Our core Clubhouse web stack is fairly rudimentary — and that's on purpose. We are a Python/Django operation that uses Gunicorn and NGINX. When we started seeing this type of growth, we didn’t have much time to tune for efficiency, and we kept adding more web nodes. We had always just accepted that our Django monolith could only really auto-scale at around 30-35% CPU per instance (like many others have documented) and was destined to be wasteful (blame our co-founder for the choice!). This was an annoying assumption and limitation, but it was never worth the cycles to try to investigate compared to everything else we had to scale and all the other fires we had to put out.
So we added more web nodes — and more and more of them as needed.
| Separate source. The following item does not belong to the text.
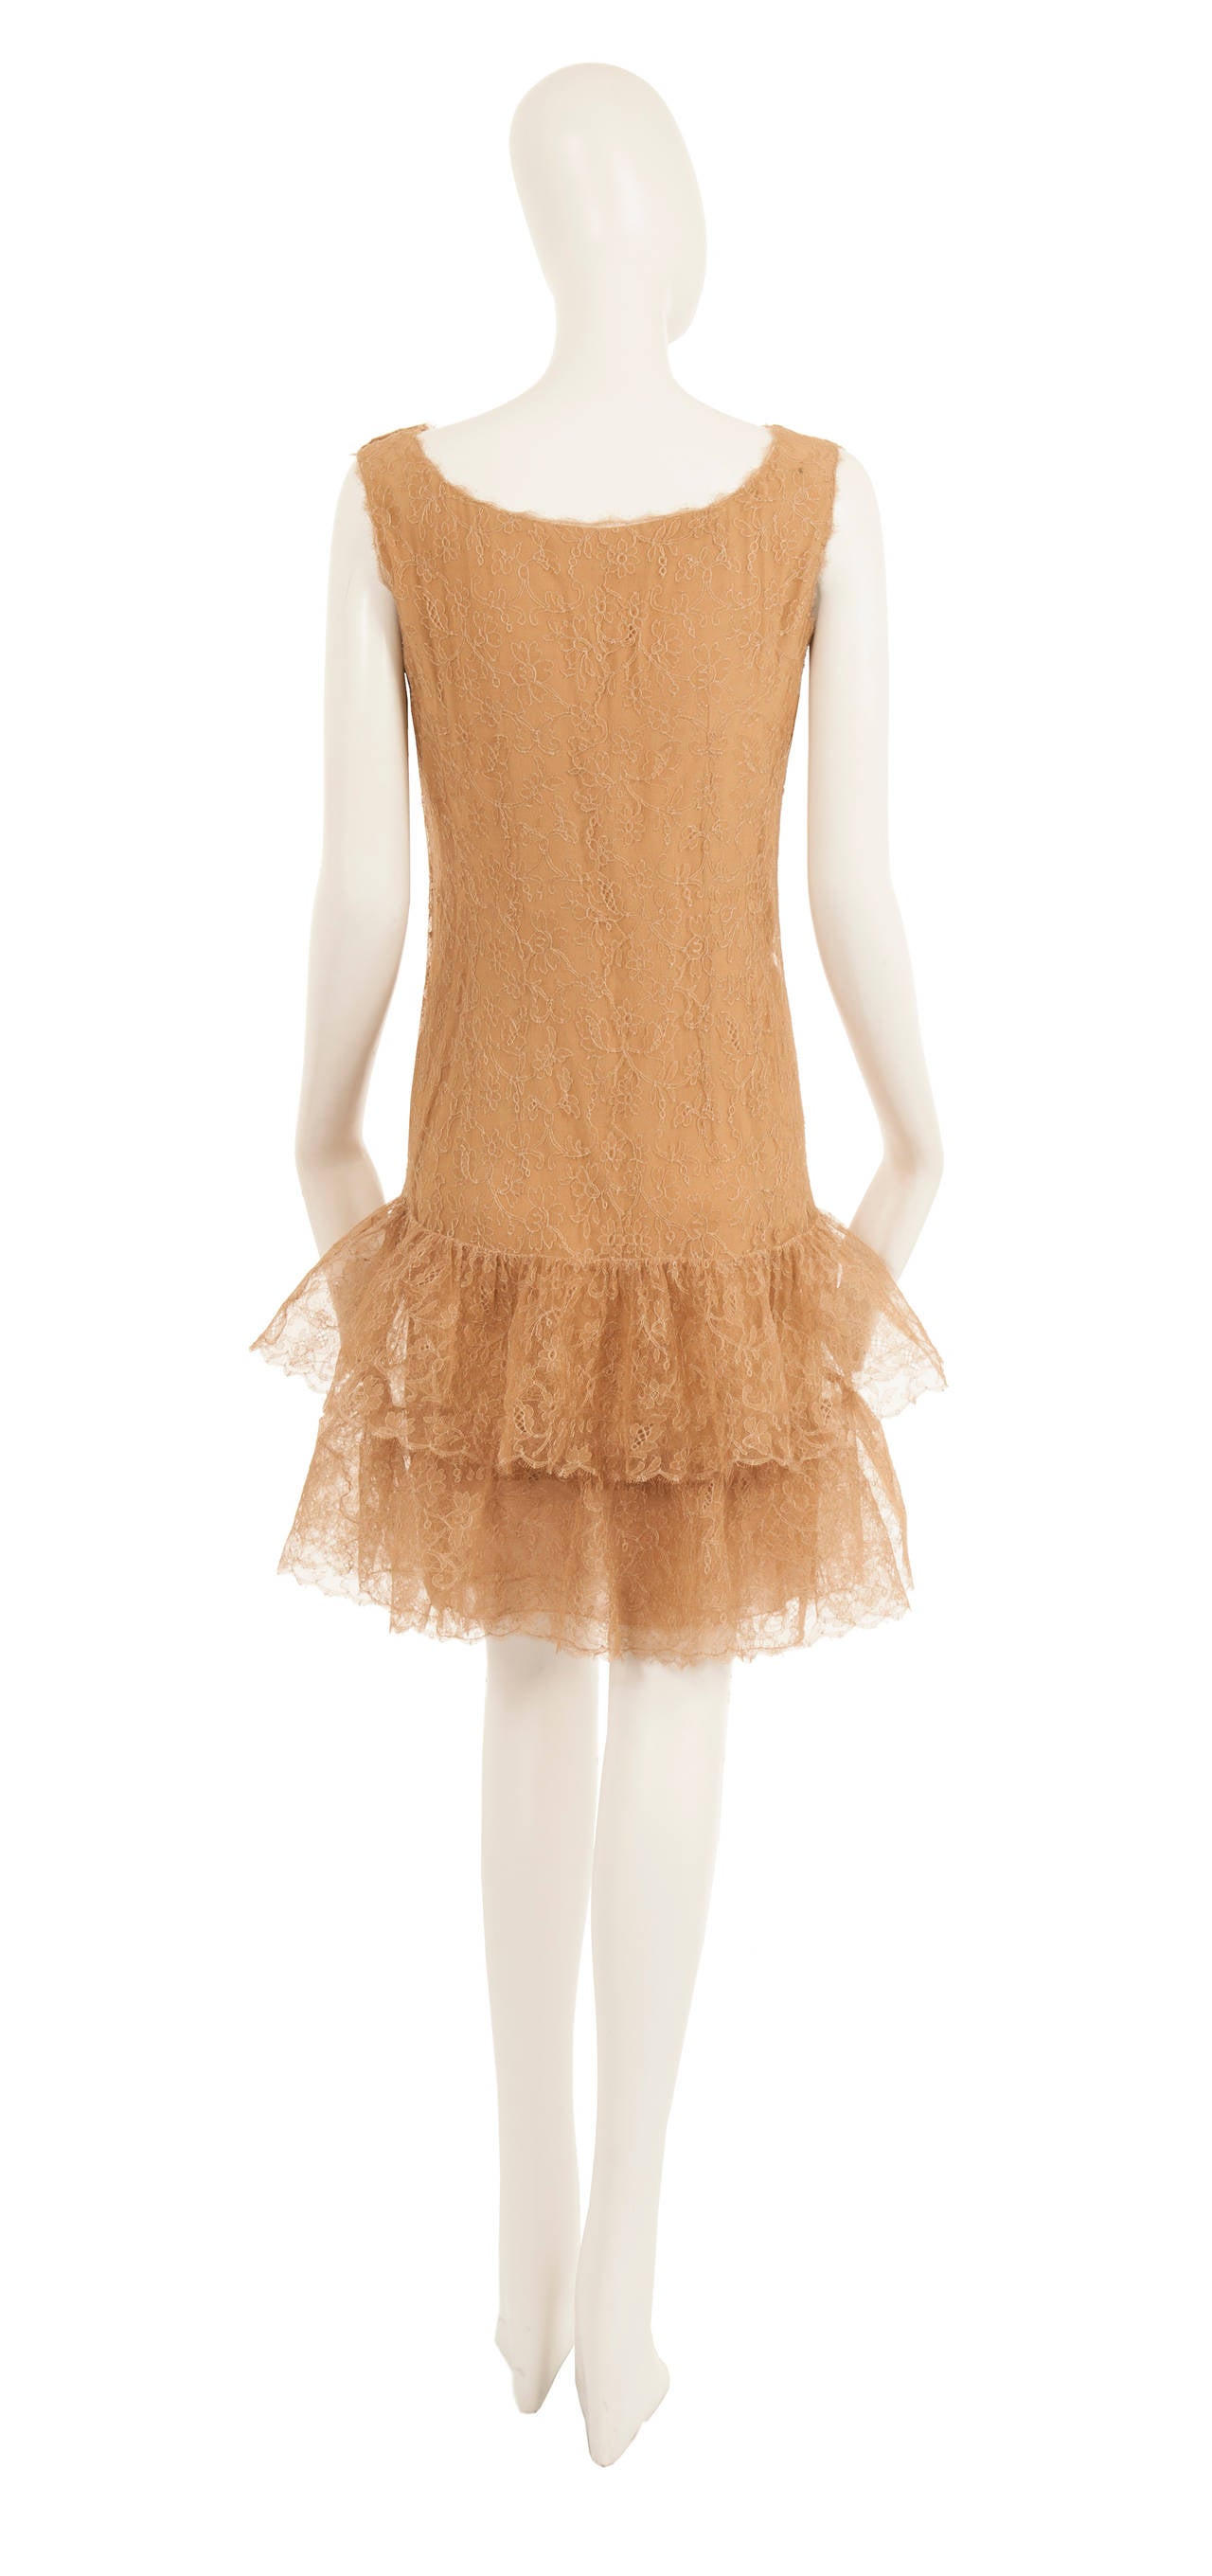 Balenciaga haute couture caramel lace dress, spring summer 1964 In Excellent Condition For Sale In London, GB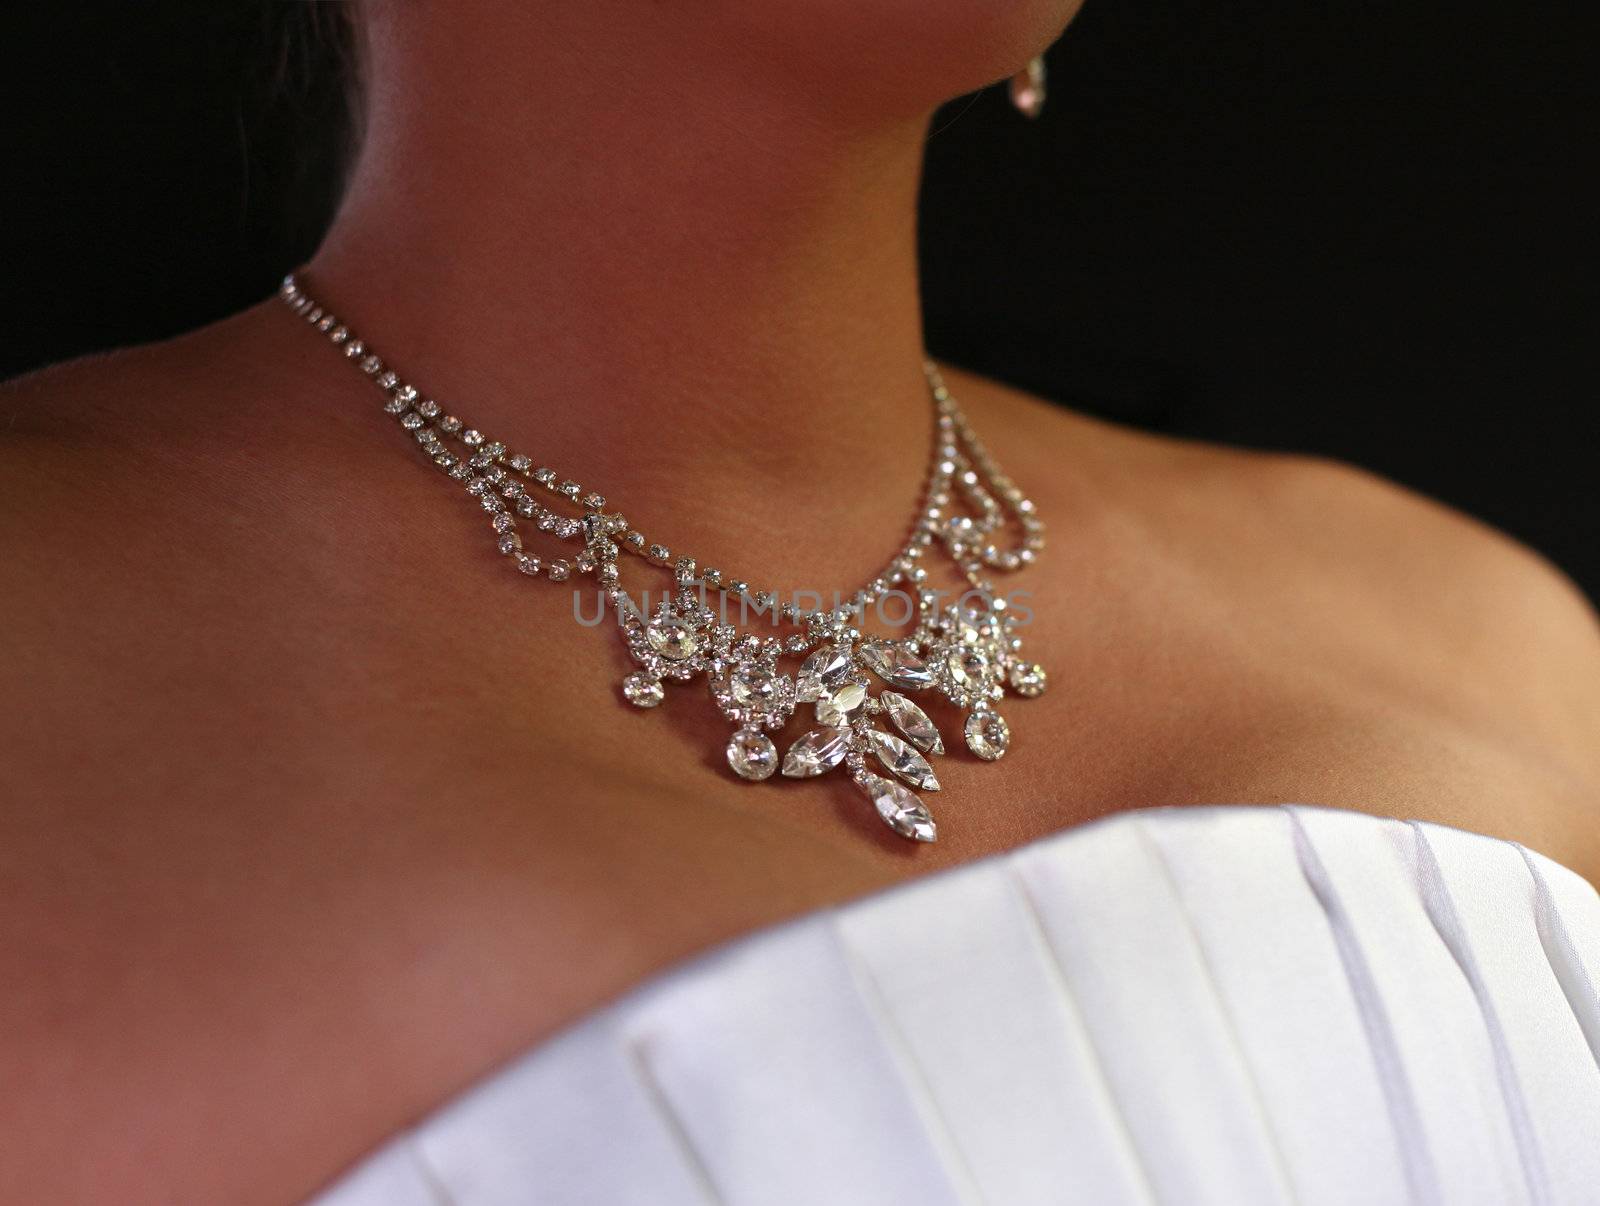 Wedding diamond necklace on a neck of the bride

Throwing machines at the problem was all fine and dandy until we got beyond 1,000 web instances. We were suddenly running one of the larger deployments on our web host. With that many instances, our load balancer began to intermittently time out and leave deploys "stuck" when flipping traffic during blue/green deploys. We tried chasing down the timeouts with our cloud provider but they were not able to root cause why this was happening.
One easy solution would be to run larger instances!
And that's immediately where we headed. But upon switching to the very large 96 vCPUs instance type — running 144 Gunicorn workers on each node — we were shocked to find that latencies began to balloon at just 25% CPU. At that embarrassingly low threshold, our p50 latency skyrocketed and the nodes became unstable.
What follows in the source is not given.